Python uses the DropFeatures, RecursiveFeatureElimination, and SelectByShuffling functions of Feature engine for Feature selection
Preparation work:
1. Ensure that the Python environment has been installed.
2. Install the Feature engine library by using the following command:
pip install feature-engine
3. Import the required classes and functions:
python
from sklearn.datasets import load_boston
from sklearn.model_selection import train_test_split
from sklearn.linear_model import LinearRegression
from feature_engine.selection import DropFeatures, RecursiveFeatureElimination, SelectByShuffling
Dependent class libraries:
-Feature engineering: provides some powerful Feature engineering methods, including Feature selection, transformation, Discretization, etc.
Data sample:
In this example, we will use the Boston housing price dataset from Skylearn as an example data. This dataset includes 13 characteristic variables for predicting housing prices.
python
#Load Dataset
boston = load_boston()
#Obtain features and target variables
X = boston.data
y = boston.target
#Divide training and testing sets
X_train, X_test, y_train, y_test = train_test_split(X, y, test_size=0.2, random_state=42)
Full code instance:
python
from sklearn.datasets import load_boston
from sklearn.model_selection import train_test_split
from sklearn.linear_model import LinearRegression
from feature_engine.selection import DropFeatures, RecursiveFeatureElimination, SelectByShuffling
#Load Dataset
boston = load_boston()
#Obtain features and target variables
X = boston.data
y = boston.target
#Divide training and testing sets
X_train, X_test, y_train, y_test = train_test_split(X, y, test_size=0.2, random_state=42)

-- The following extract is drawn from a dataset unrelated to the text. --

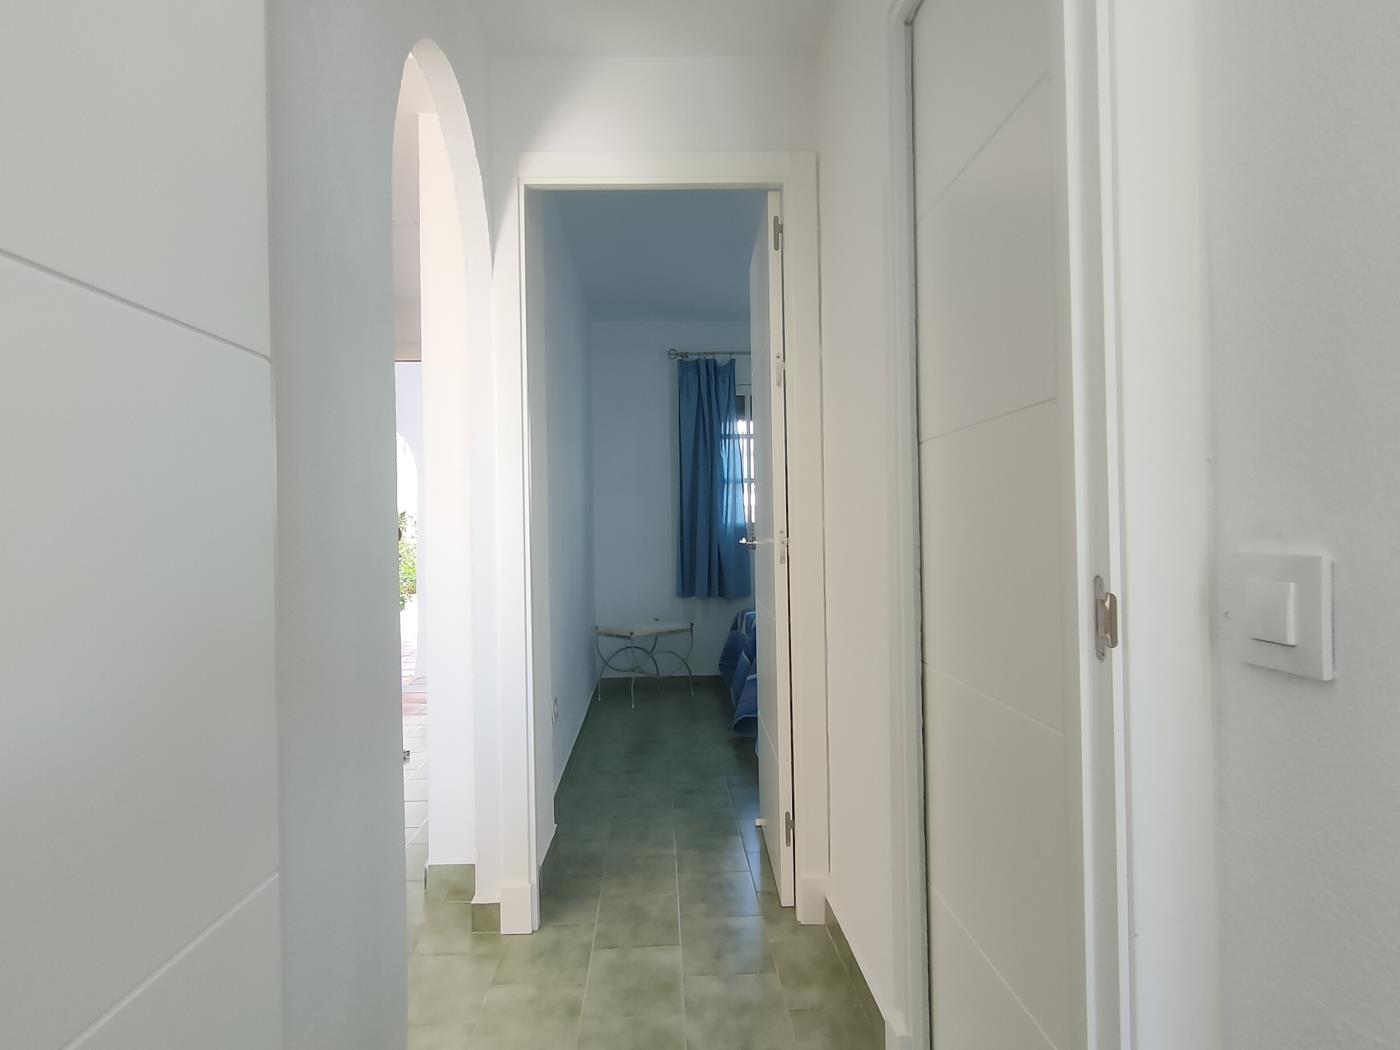 Ref ARIES3. Apartamento de dos dormitorios en planta baja en Chiclana de la frontera (Cádiz)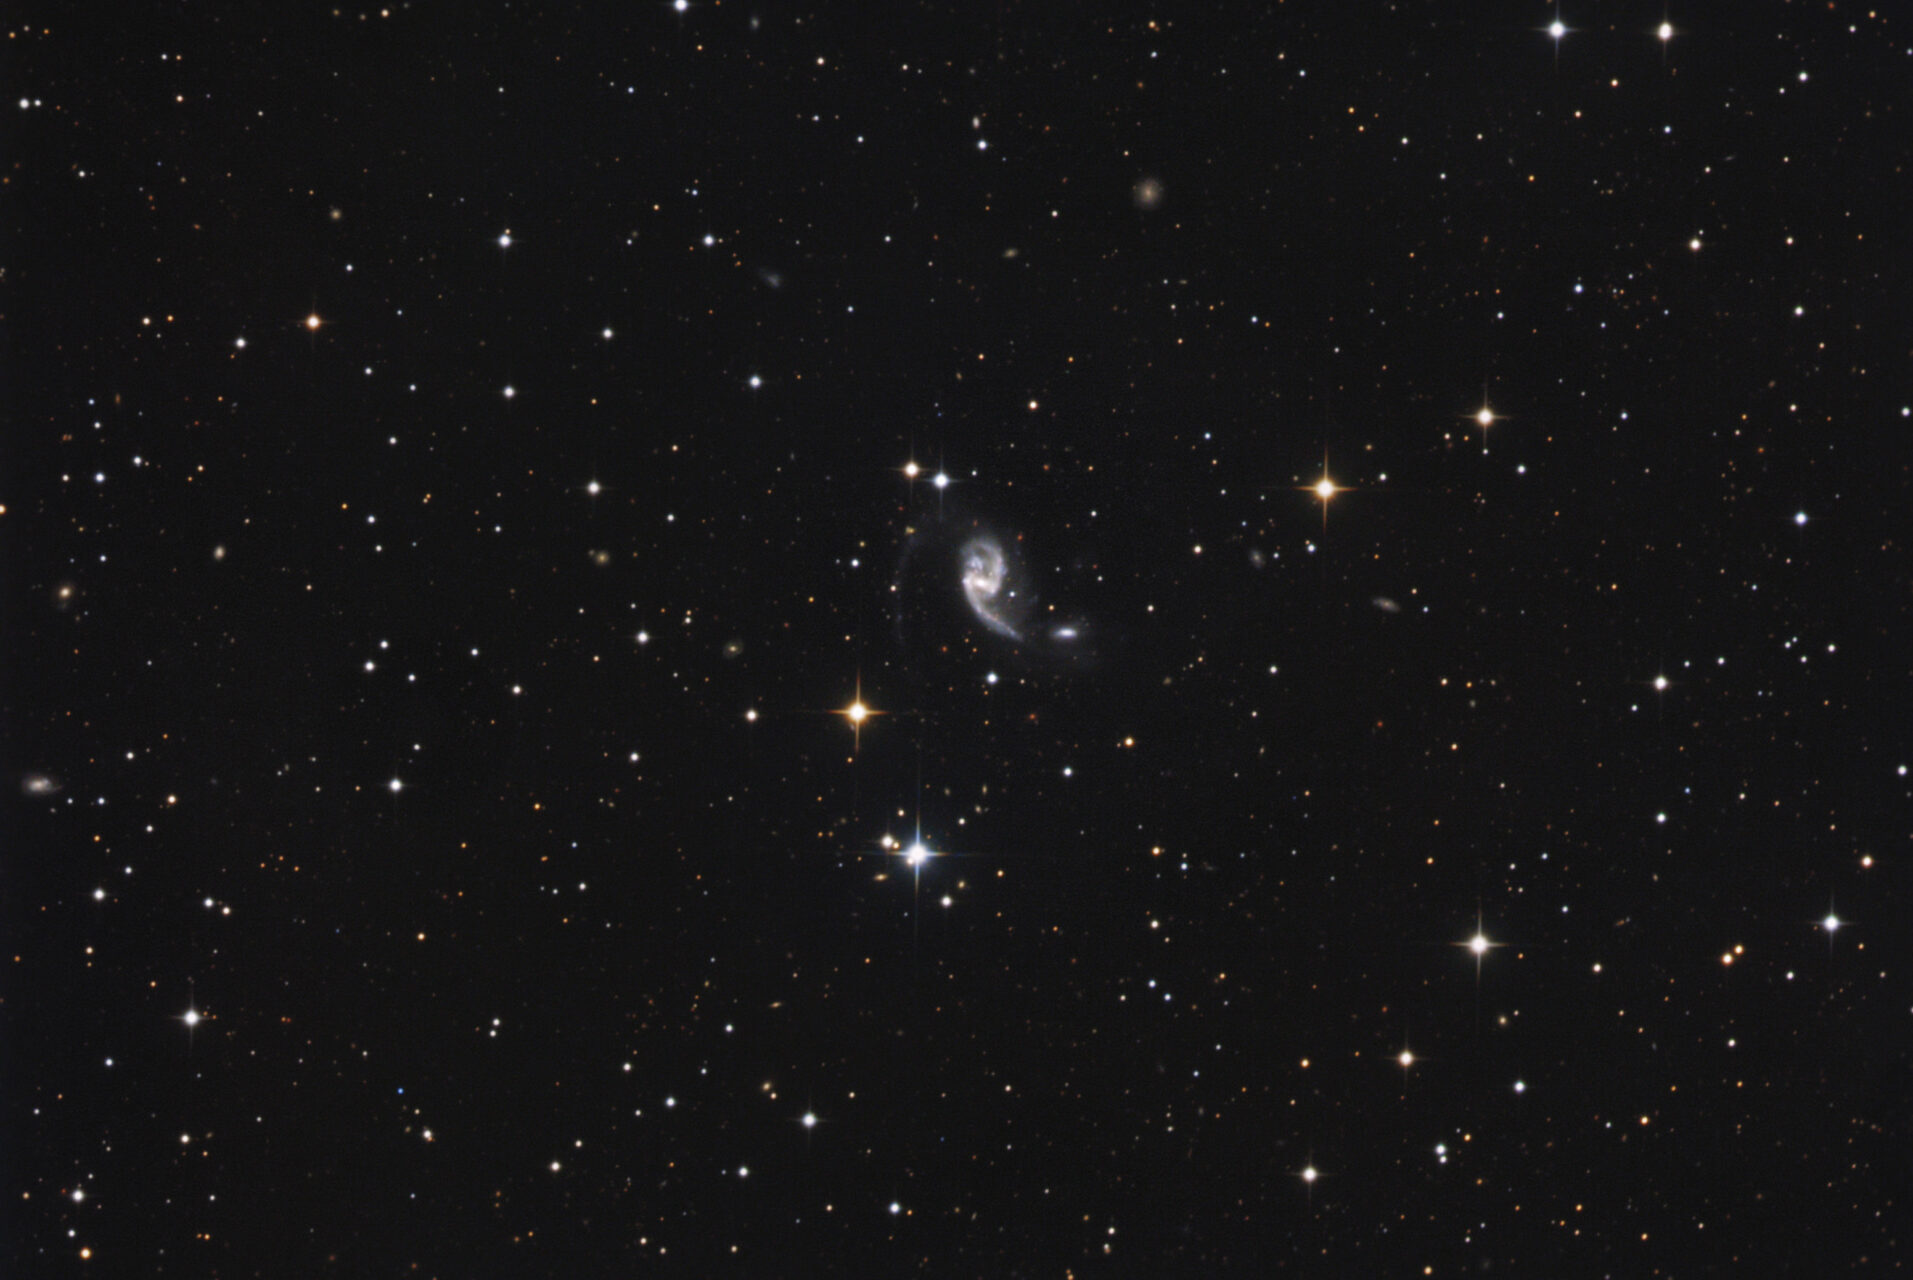 NGC 5996

#Using the DropFeatures class to delete features
drop_feats = DropFeatures(features_to_drop=['CRIM', 'ZN', 'INDUS'])
X_train_drop = drop_feats.fit_transform(X_train)
#Recursive feature elimination using the RecursiveFeatureElimination class
rfe = RecursiveFeatureElimination(estimator=LinearRegression(), n_features_to_select=5)
X_train_rfe = rfe.fit_transform(X_train, y_train)
#Use the SelectByShuffling class for Feature selection
sel_shuffle = SelectByShuffling(estimator=LinearRegression(), scoring='r2', cv=10, random_state=42)
X_train_shuffle = sel_shuffle.fit_transform(X_train, y_train)
#Print Selected Features
print("Selected Features using DropFeatures:", drop_feats.features_to_drop_)
print("Selected Features using RecursiveFeatureElimination:", X_train.columns[rfe.support_])
print("Selected Features using SelectByShuffling:", sel_shuffle.features_to_drop_)
#Model training and prediction
lr = LinearRegression()
lr.fit(X_train_drop, y_train)
y_pred = lr.predict(drop_feats.transform(X_test))
print("R-Squared (DropFeatures):", lr.score(drop_feats.transform(X_test), y_test))
lr.fit(X_train_rfe, y_train)
y_pred = lr.predict(rfe.transform(X_test))
print("R-Squared (RecursiveFeatureElimination):", lr.score(rfe.transform(X_test), y_test))
lr.fit(X_train_shuffle, y_train)
y_pred = lr.predict(sel_shuffle.transform(X_test))
print("R-Squared (SelectByShuffling):", lr.score(sel_shuffle.transform(X_test), y_test))
Summary:
In this article, we use the DropFeatures, RecursiveFeatureElimination, and SelectByShuffling functions in the Feature engine library to implement Feature selection. The DropFeatures function is used to delete specific features, the RecursiveFeatureElimination function selects the best feature subset through recursive feature elimination, and the SelectByShuffling function selects features through Card stacking. Through experiments, we can select appropriate feature subsets from a given dataset to improve the performance and accuracy of the model.